— Data listing —
● ● ● ● ●
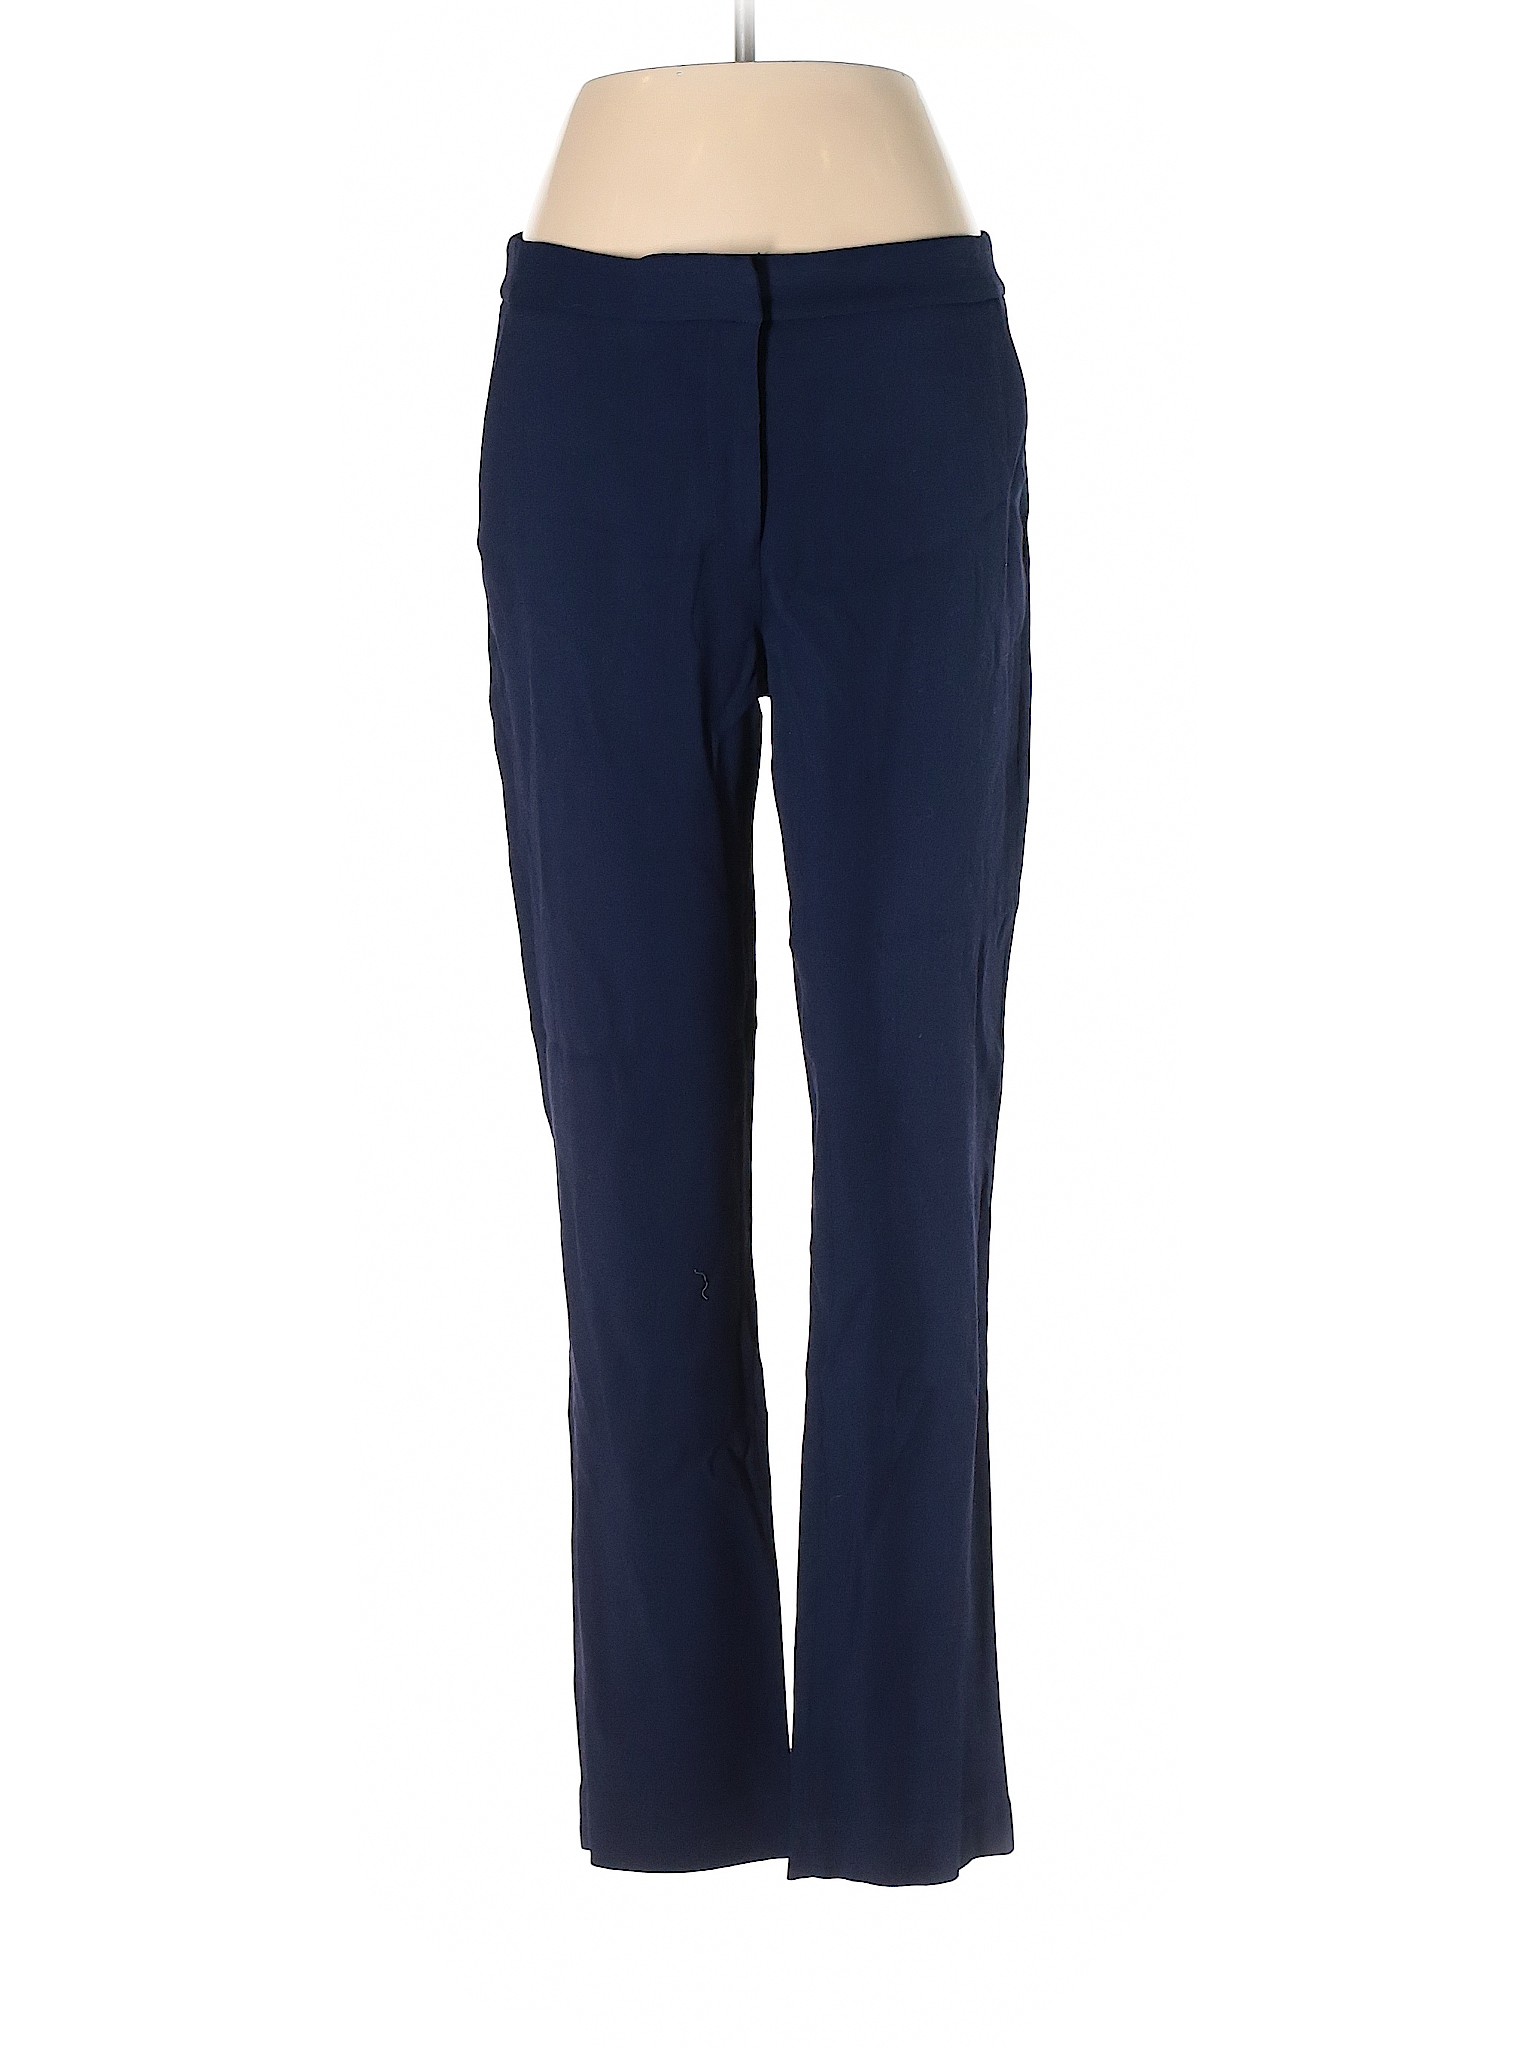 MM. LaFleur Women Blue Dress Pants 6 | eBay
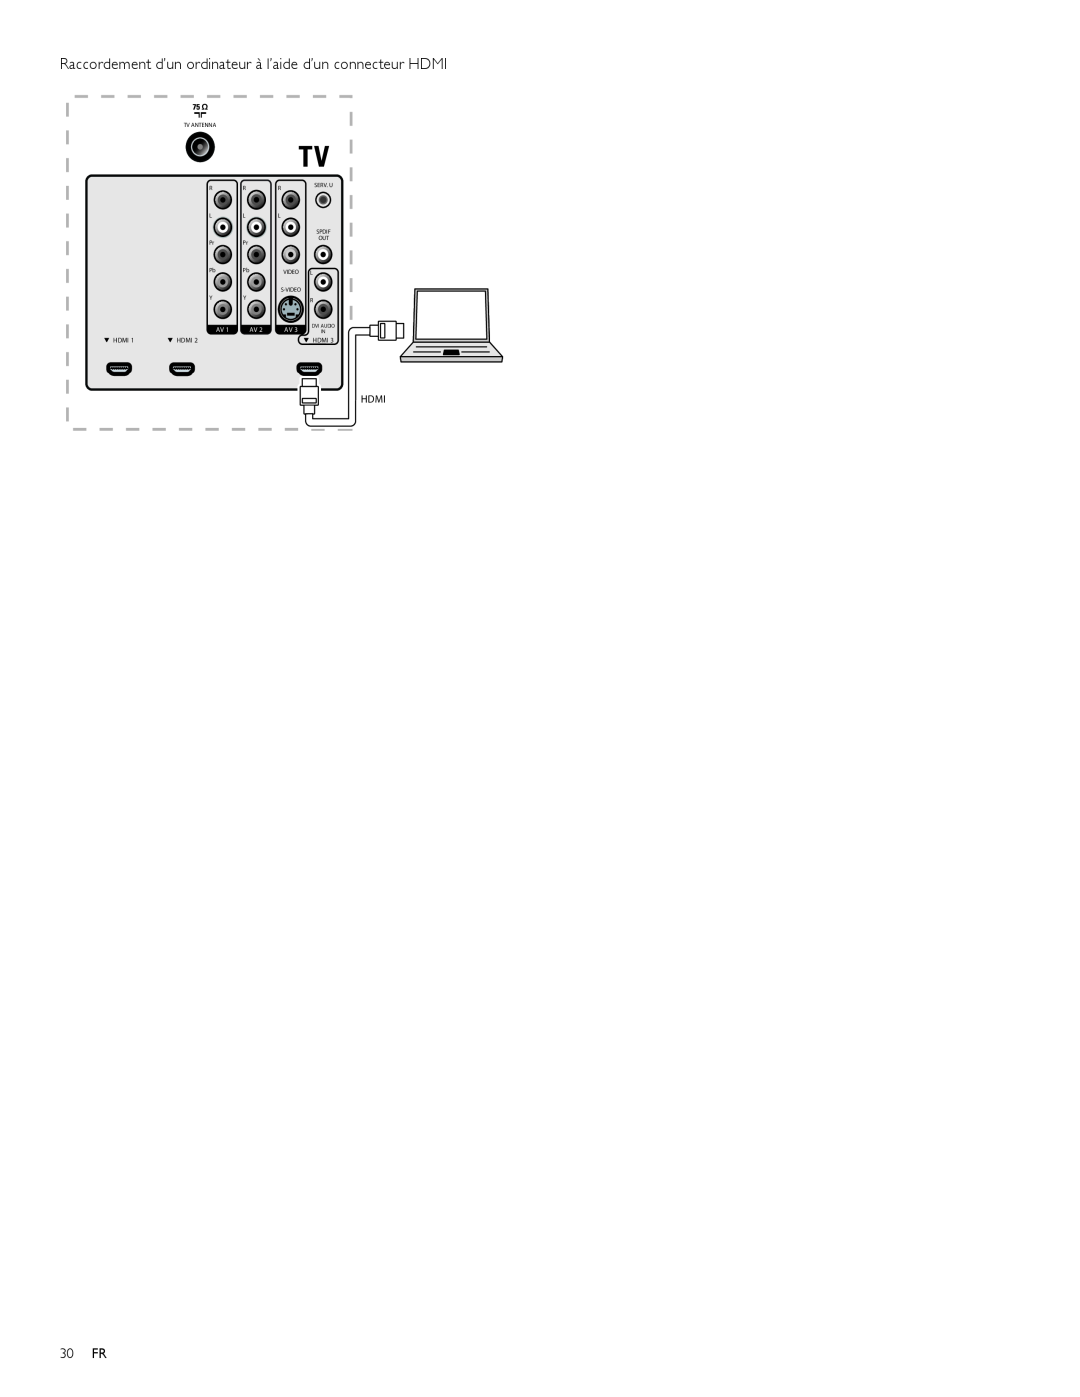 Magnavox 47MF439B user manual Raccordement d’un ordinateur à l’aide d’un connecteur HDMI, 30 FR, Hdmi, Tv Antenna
● ● ● ● ●
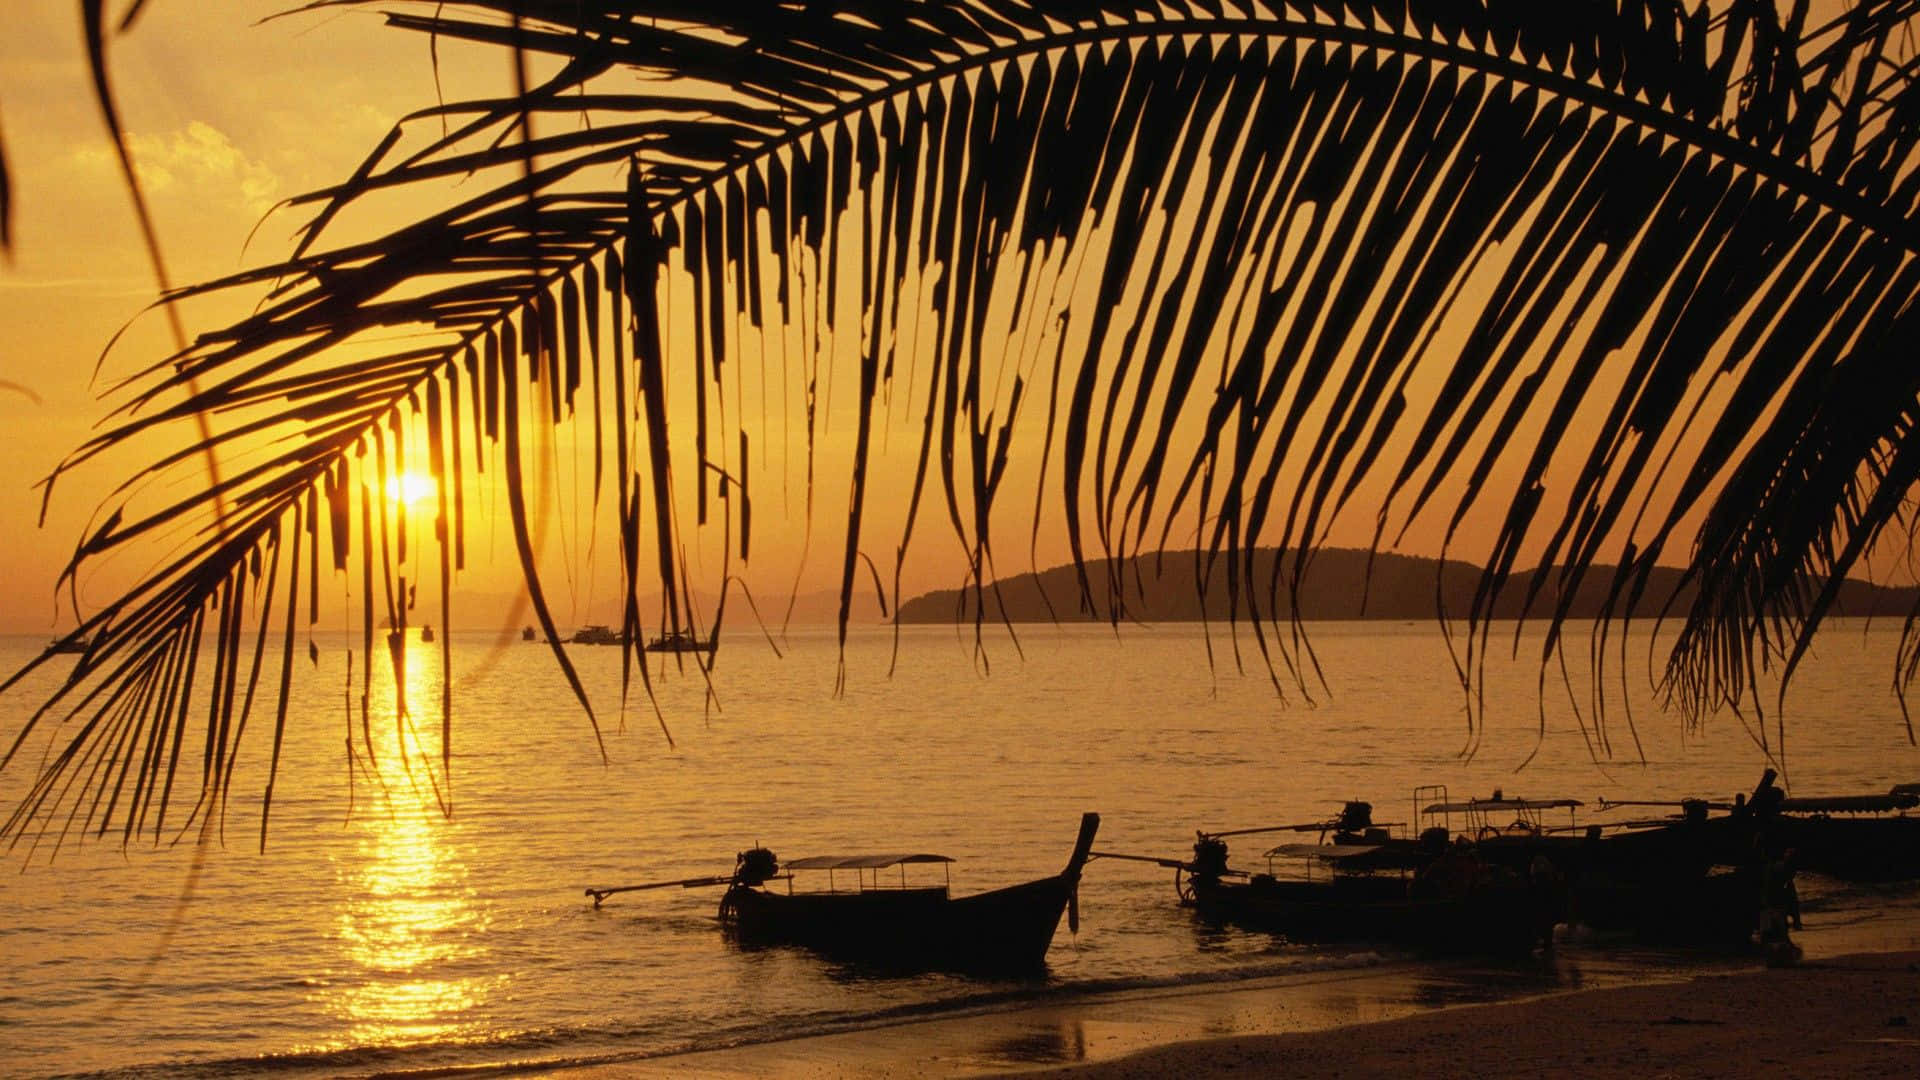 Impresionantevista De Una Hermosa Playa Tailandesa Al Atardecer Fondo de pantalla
● ● ● ● ●
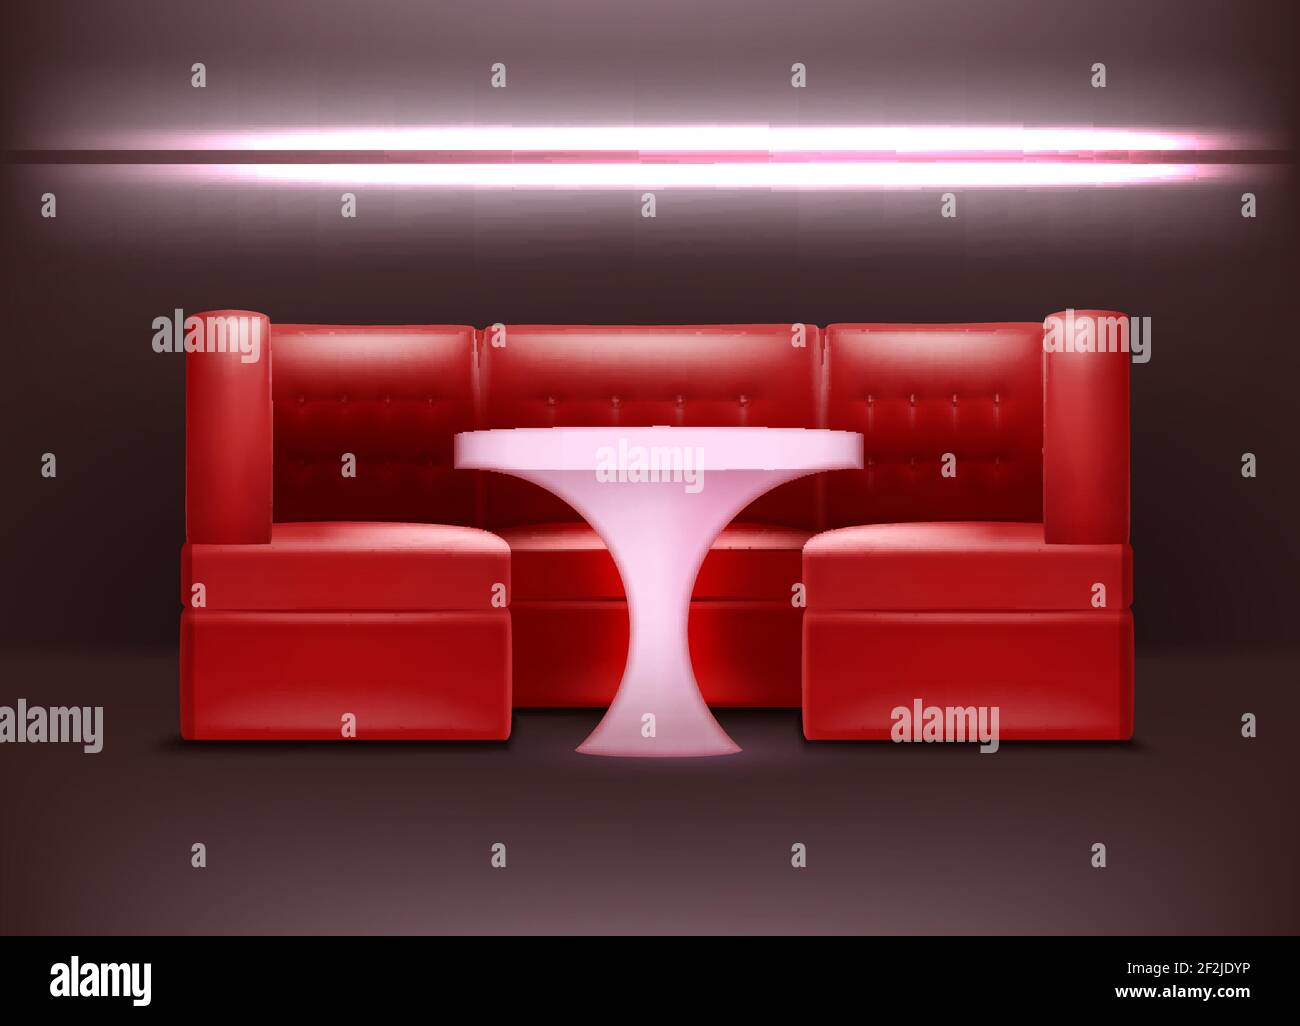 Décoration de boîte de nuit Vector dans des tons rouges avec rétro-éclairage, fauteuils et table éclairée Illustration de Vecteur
● ● ● ● ●
— Work request —
Look above for the line with "MM. LaFleur Women Blue Dress Pants 6 | eBay", then give again exactly every line from there through the line with "Magnavox 47MF439B user", skipping the pictures.

— Exercise response —
 MM. LaFleur Women Blue Dress Pants 6 | eBay
 Magnavox 47MF439B user manual Raccordement d’un ordinateur à l’aide d’un connecteur HDMI, 30 FR, Hdmi, Tv Antenna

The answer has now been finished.